WHAT IS REQUIRED:
The lines below, from the one containing "Sex pics naked" through the one containing "March17 Event Slider", should be set down exactly, with no pictures and nothing else.

DATA FOR PROCESSING:
==*==

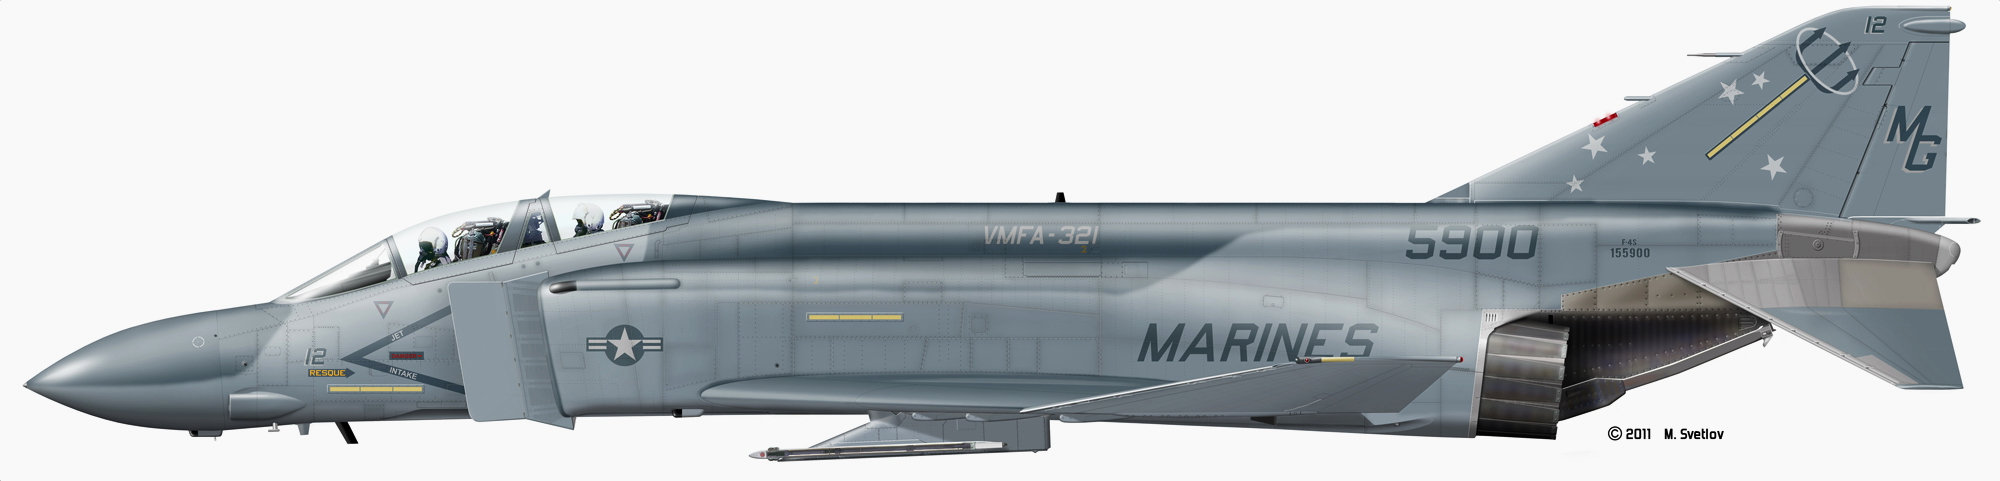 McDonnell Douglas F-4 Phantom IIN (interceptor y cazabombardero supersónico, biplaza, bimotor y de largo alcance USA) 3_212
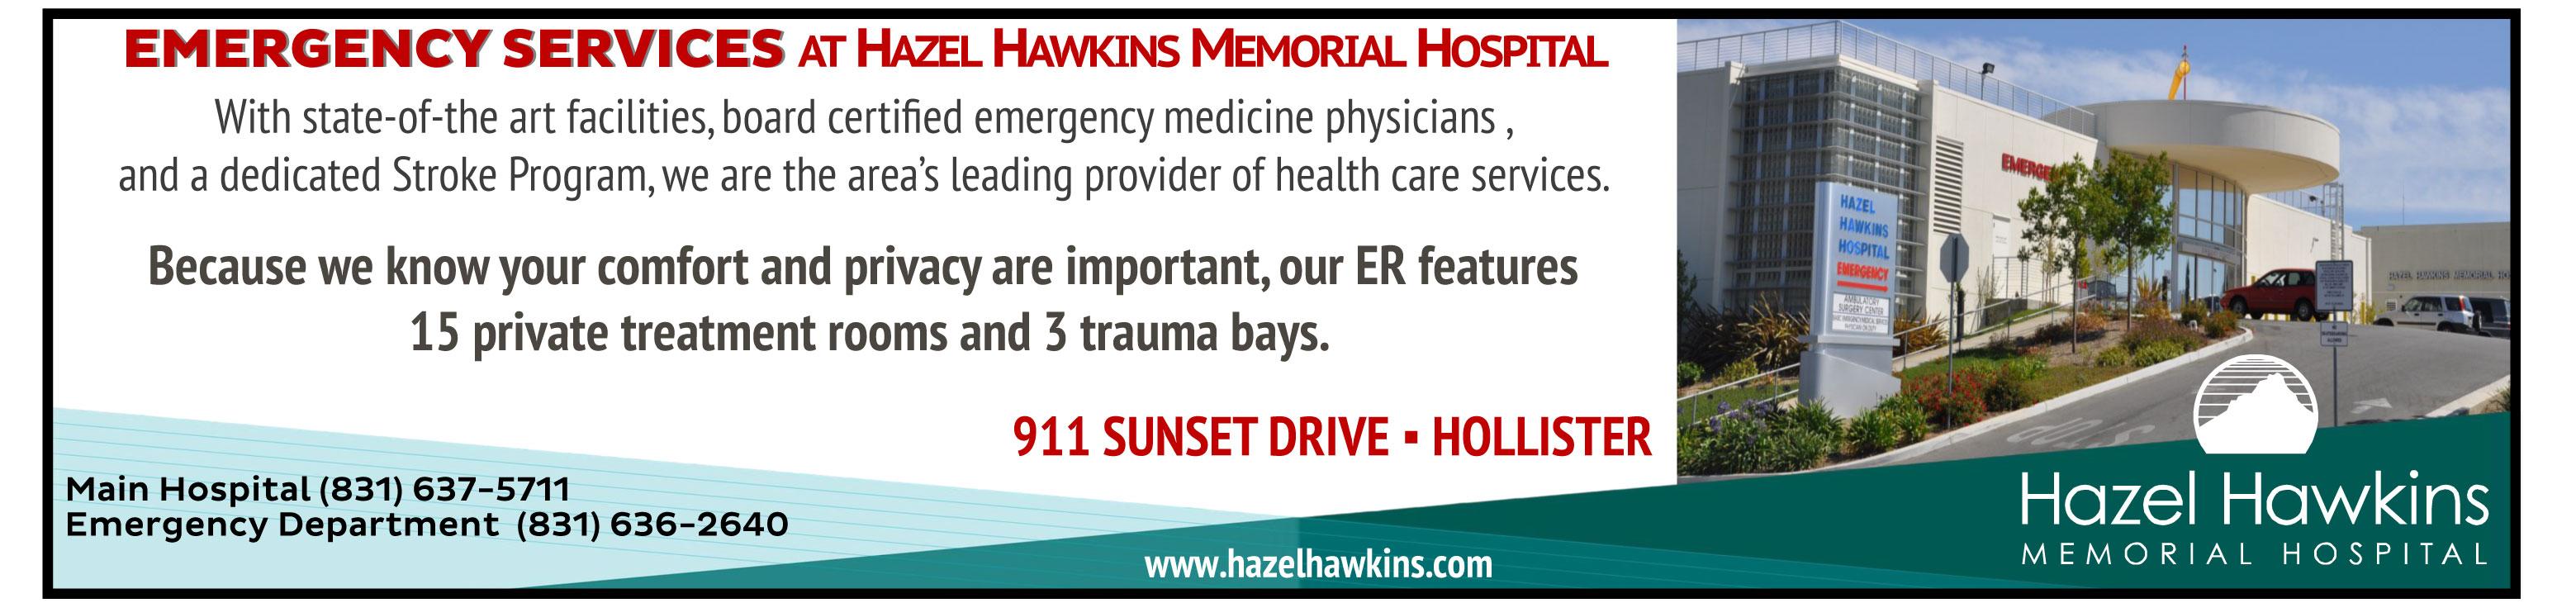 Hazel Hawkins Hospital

==*==

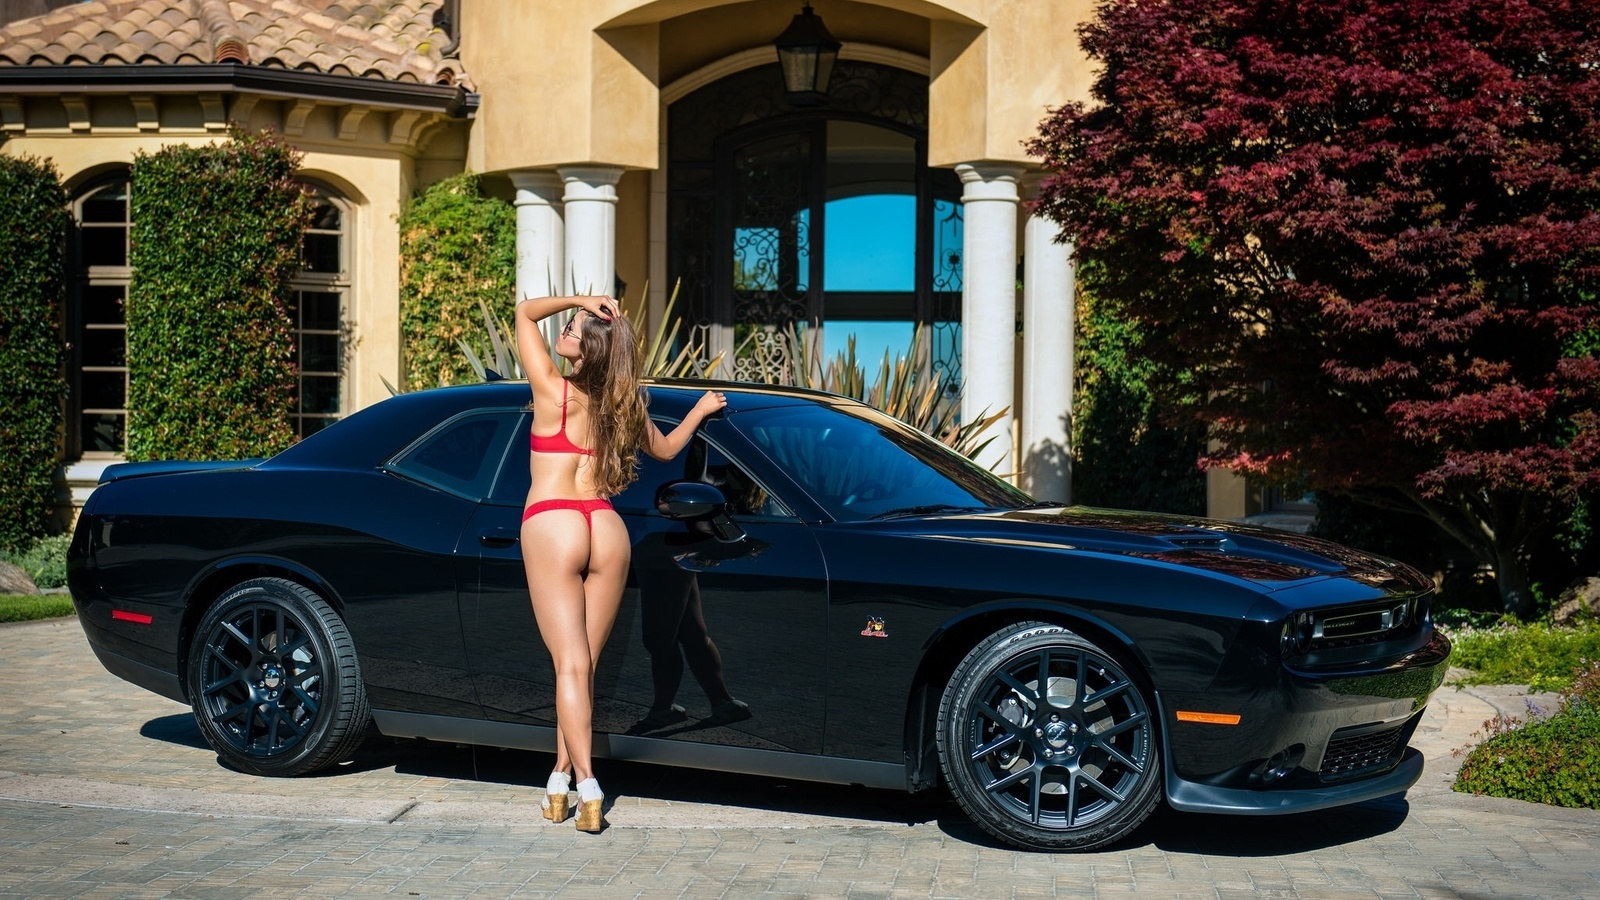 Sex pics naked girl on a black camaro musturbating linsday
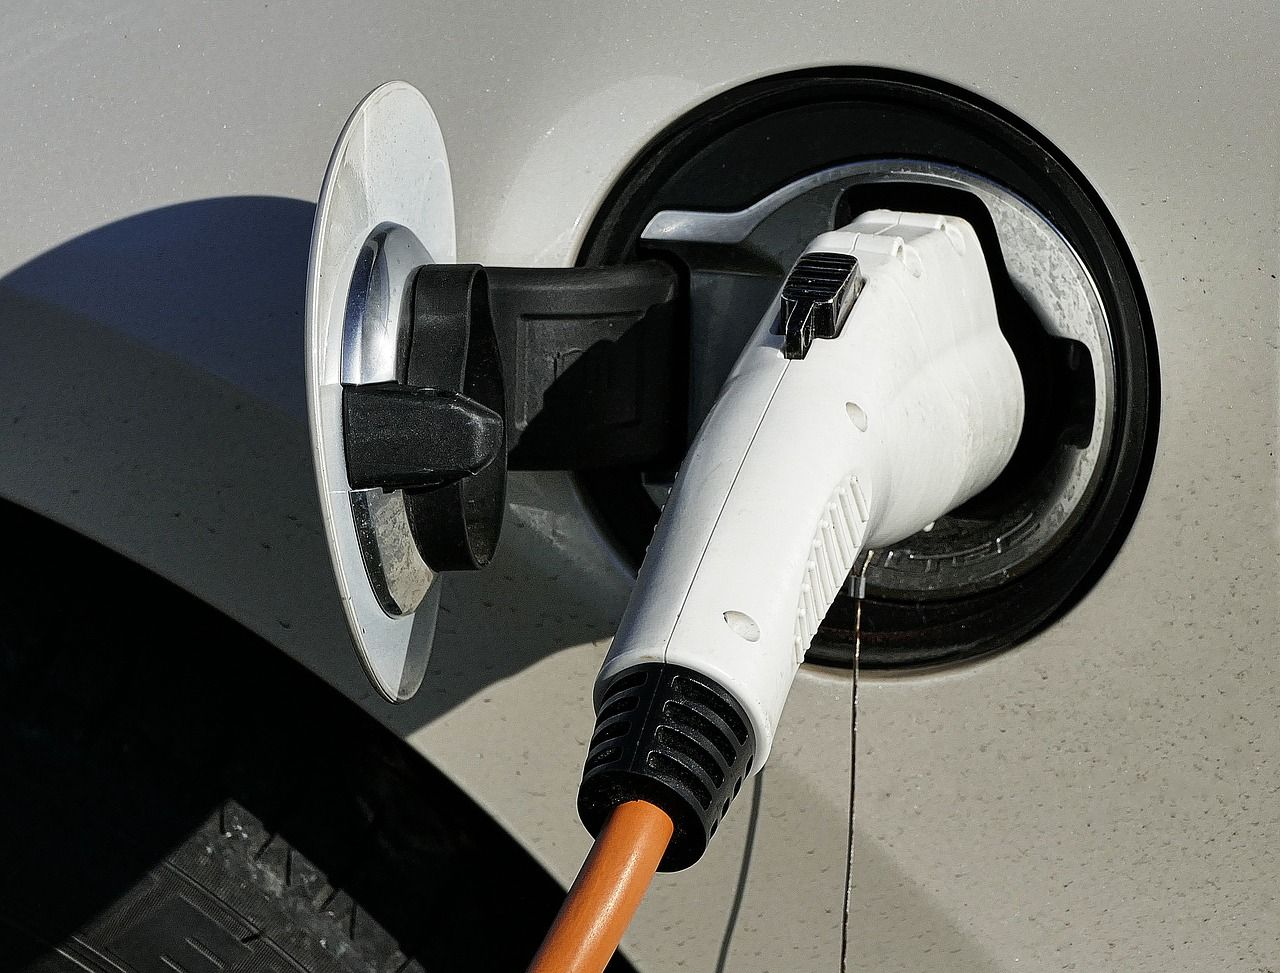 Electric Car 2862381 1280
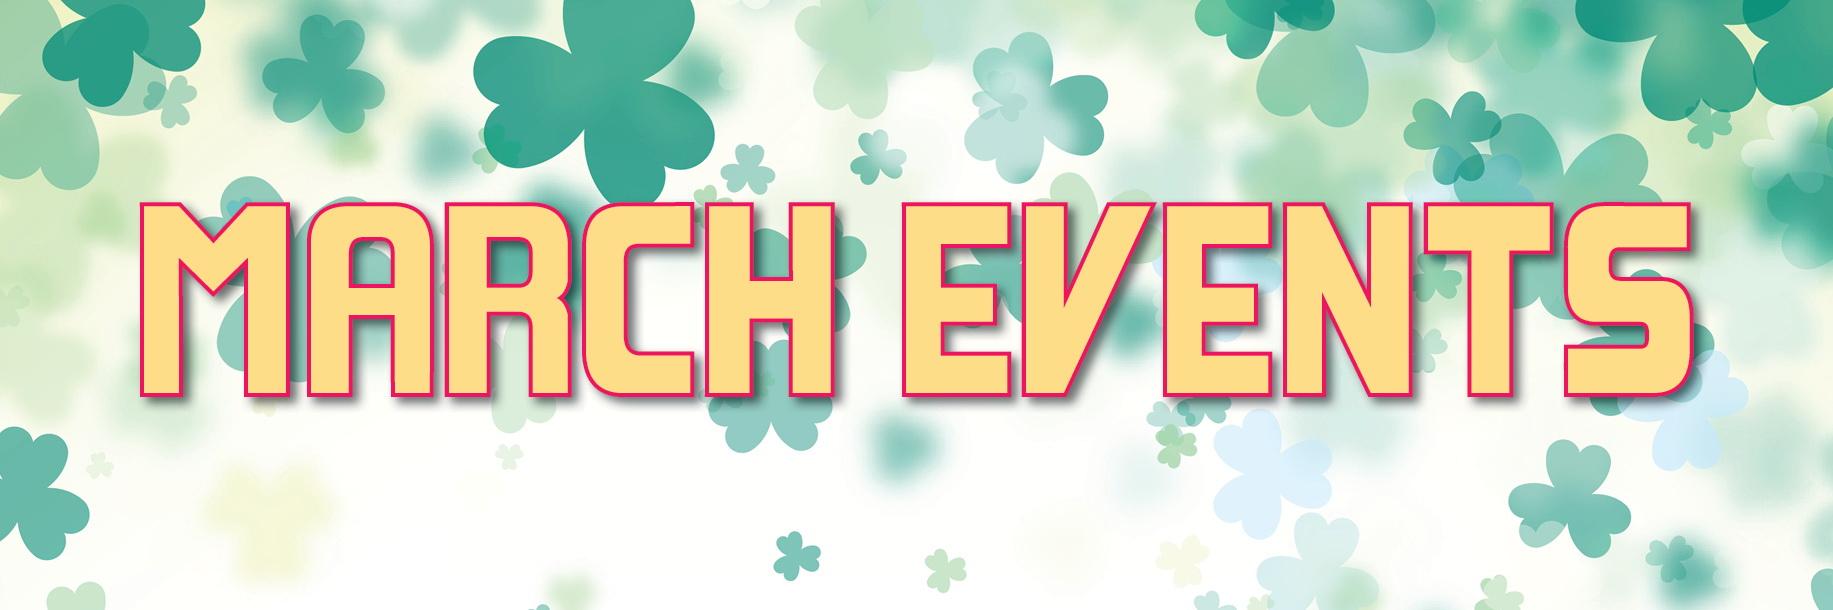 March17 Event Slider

==*==

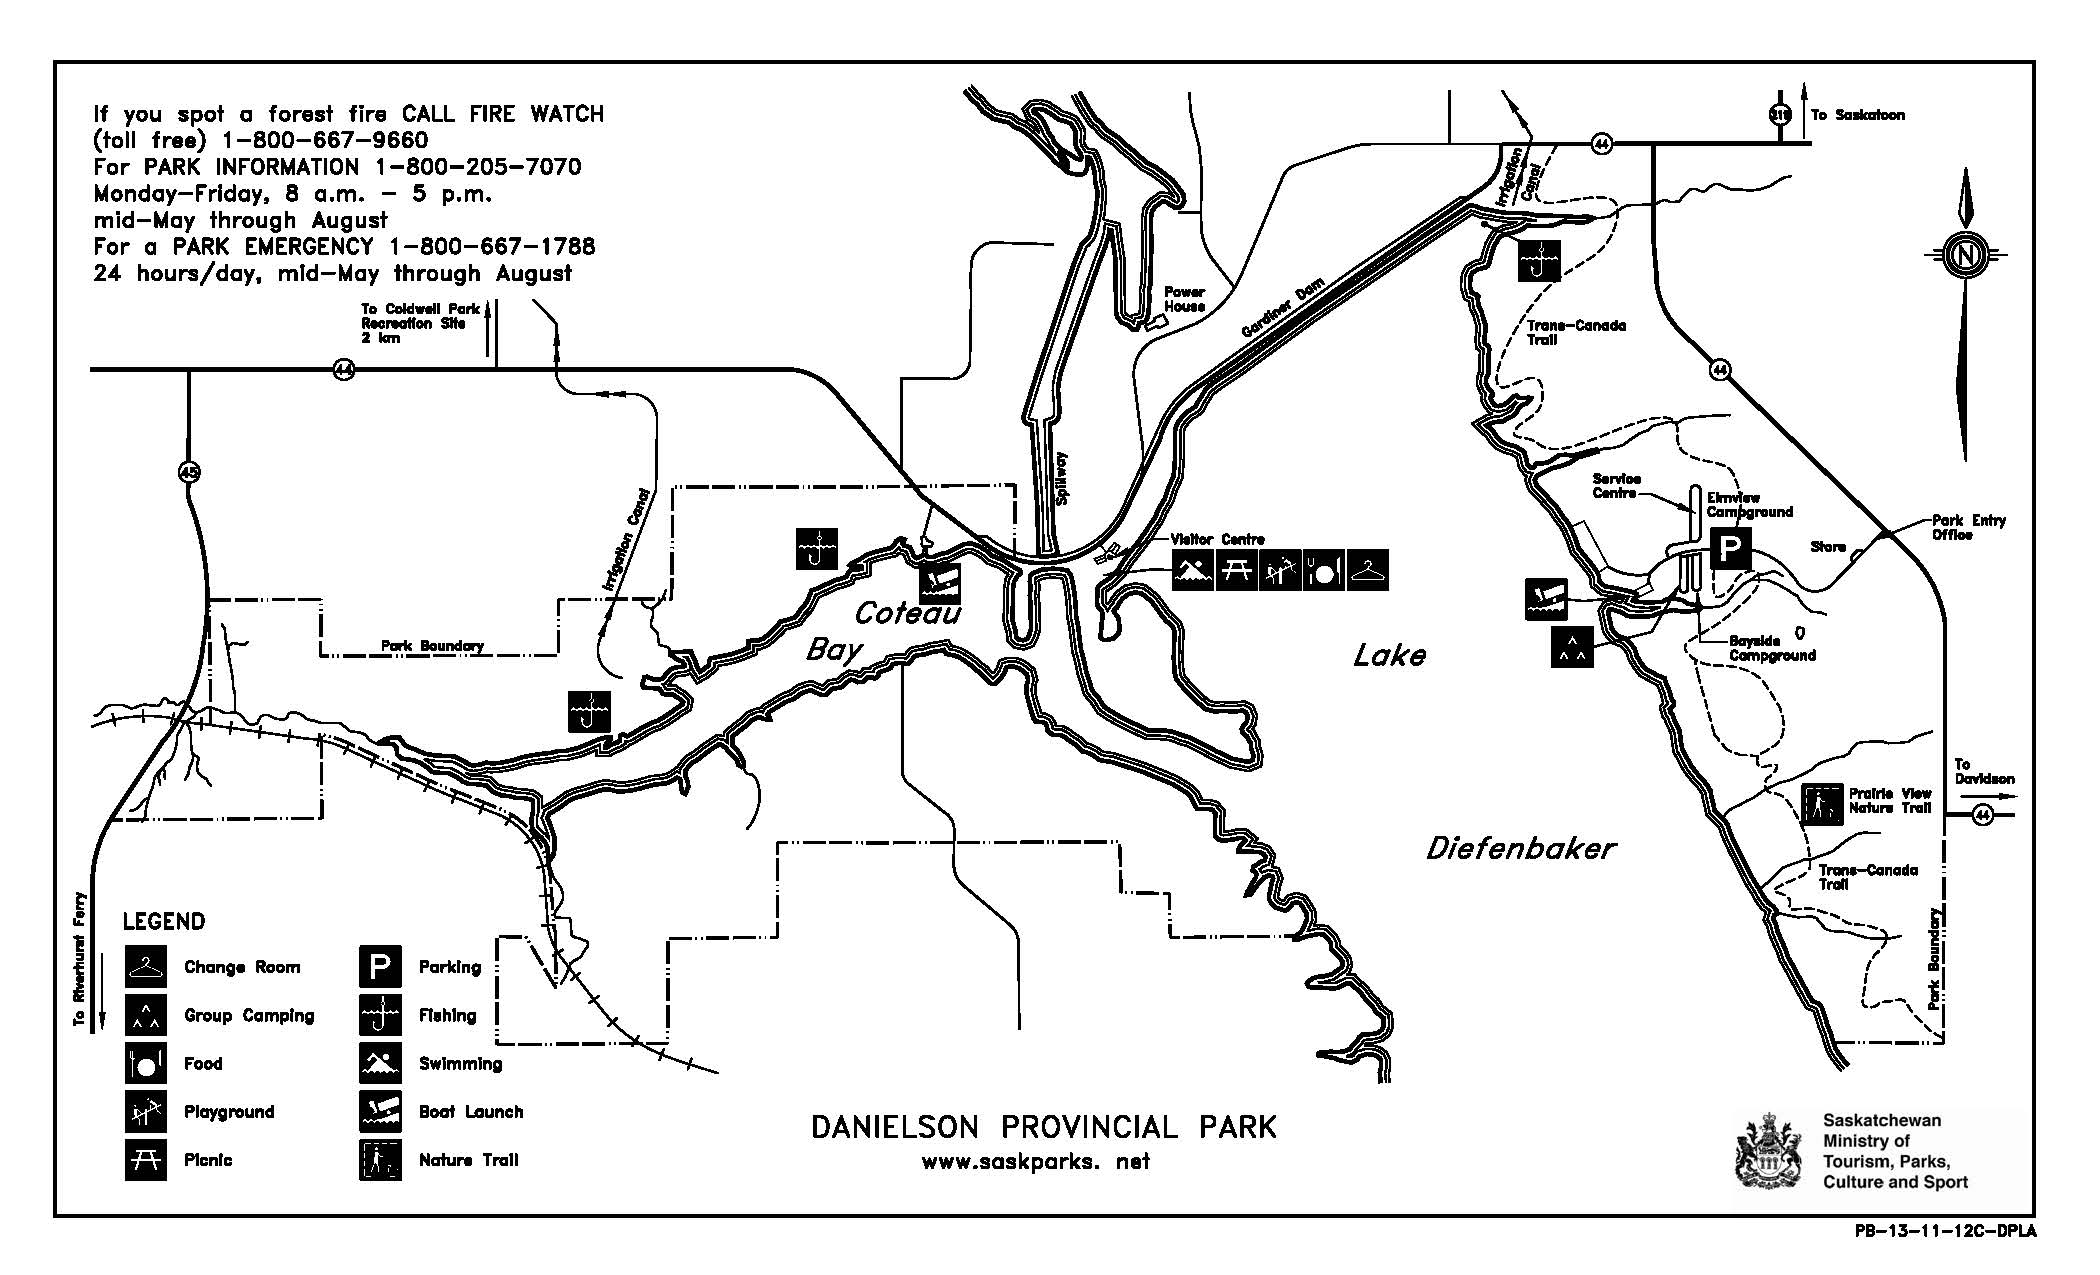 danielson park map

==*==

SOLUTION BELOW:
 Sex pics naked girl on a black camaro musturbating linsday
 Electric Car 2862381 1280
 March17 Event Slider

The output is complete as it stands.